When Brin and Page started Google they did not have a business model in mind. At one point they offered to sell the PageRank algorithm they used to Yahoo! for US$1 million. When Yahoo! turned them down, they thought about selling intranet search services to companies.

Meanwhile, a company in Pasadena named GoTo.com was starting to auction off search results. In 1999 they filed US Patent 6 296 361 (granted 31 July 2001), which described the idea of auctioning search results.2

Auctioning search results didn’t work very well, since willingness to pay for placement is not a very good indication of relevance to users, so GoTo eventually adopted a new business model in which they auctioned off advertisements to accompany what they referred to as the ‘algorithmic’ search results. At about the same time they changed their name to Overture. Two Google employees, Salar Kamangar and Eric Veach, watched what Overture was doing and decided they could improve upon it. During the fall of 2001 they developed the Google Ad Auction.3

In their model ads were ranked by the product of bids and estimated click-through rate. Since bids are expressed in units of cost/click and the click-through rate is clicks/ impressions, this means that ads are ranked by cost per impression. The idea was to put the ads that have the highest expected revenue in the best positions - that is, the positions where they would be most likely to receive clicks. Just as a firm cares about price times quantity sold, a search engine should care about the price per click times the number of clicks expected to be received since that is the total revenue from showing the ad. Of course, this requires a way to estimate the probability of a click - a non-trivial task. I will discuss how this is done below.

During the project development Google realized that a first-price auction (where advertisers paid their bid amount) was not attractive since advertisers would want reduce their bid to the lowest amount that would retain their position. This constant monitoring of the system would put a significant load on the servers, so Google decided to automati­cally set the price paid to be equal to the second highest bid - since that is what the adver­tisers would want to do anyway.
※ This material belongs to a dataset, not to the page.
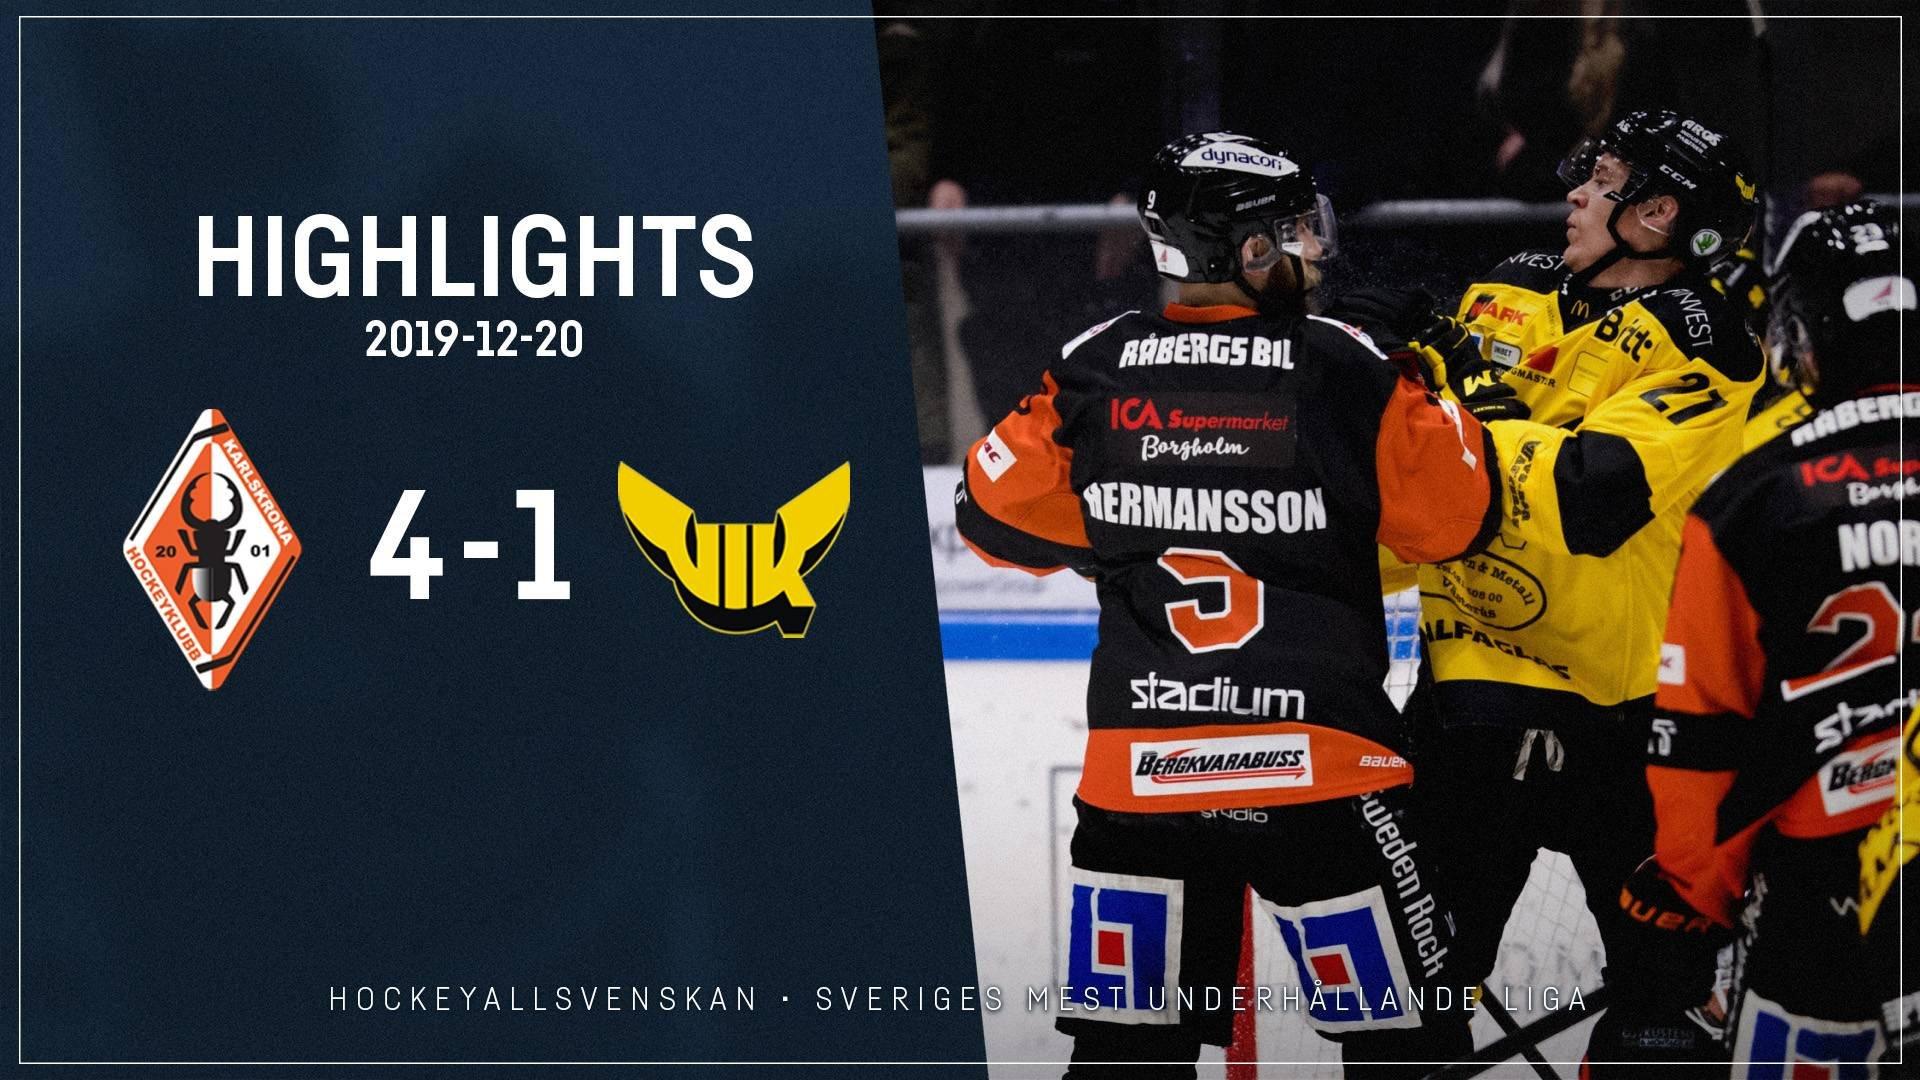 2019-12-20 Karlskrona - Västerås 4-1

This choice had nothing to do with Vickrey auctions4 - it was primarily an engineering design decision.5

Initially the Google ad auction only applied to the ads appearing on the right-hand side of the page, with the top ads (the best-performing area) reserved for negotiated pricing by a sales force. Eventually it became clear that the prices generated by the auction were more appropriate than those generated by negotiation, so Google switched to using an auction for all ads displayed.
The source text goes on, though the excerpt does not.